Years ago , I was reading  *The Hungry Moon* by Ramsey Campbell   in the downstairs room met to the basement . The door to basement was ajar  nd just as I was getting a rather intense scene I suddenly  heard a bump and I jumped up. The door to the  basement had opened all the way .


----------



## Steve Harrison (Aug 17, 2020)

Stephen King's Pet Sematary and Heart-Shaped Box by his son Joe Hill are the scariest books I've ever read. After the first few chapters of each I could only read them in daylight!


----------



## Vladd67 (Aug 17, 2020)

For a split second I miss read the title of the thread and thought it was a travel thread.




Pronounced Reding


----------



## -K2- (Aug 17, 2020)

Re-reading anything I wrote. It's scary that so much ignorance and a lack of talent could reside in a single person. Horrifying... 

K2


----------



## nixie (Aug 17, 2020)

-K2- said:


> Re-reading anything I wrote. It's scary that so much ignorance and a lack of talent could reside in a single person. Horrifying...
> 
> K2


*SLAP*


----------



## kythe (Aug 17, 2020)

My scariest moment was from a story my teacher read to the class in 3rd grade.  I remember some kids staying in this haunted mansion and every night when the clock struck midnight, a weird ghost with emerald green eyes would appear.  One day they decided to explore to see where it came from.  They found a hidden passage behind the clock and there were two trunks.  One contained elaborate costume clothes, and in the second - the ghost itself!

Then my teacher stopped reading the story, because she was trying to get us interested in reading independently.  So if we wanted to know what happened, we would have to read it ourselves.

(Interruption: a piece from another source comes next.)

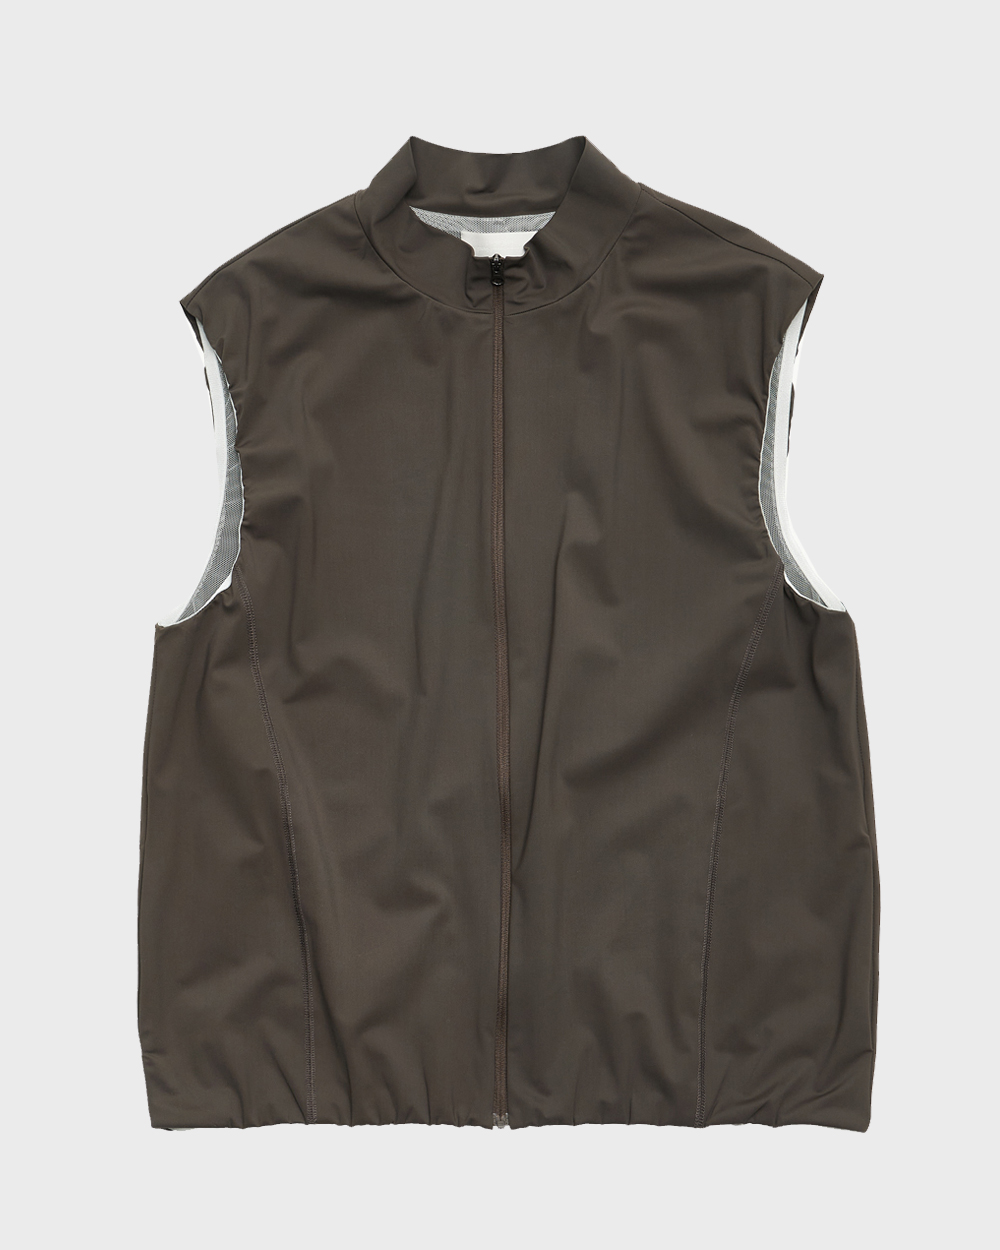 High Neck Zip-Up Vest (Brown)

I was so scared of this story I never finished it.  But I have spent years now thinking about it and wishing I had just read it to see how the story resolved.  But I don't know the title or author, so it remains an unsolved mystery.


----------



## Guttersnipe (Aug 21, 2020)

Two scenes from It by Stephen King: Eddie Corcoran's fate and Patrick Hockstetter's fate.


----------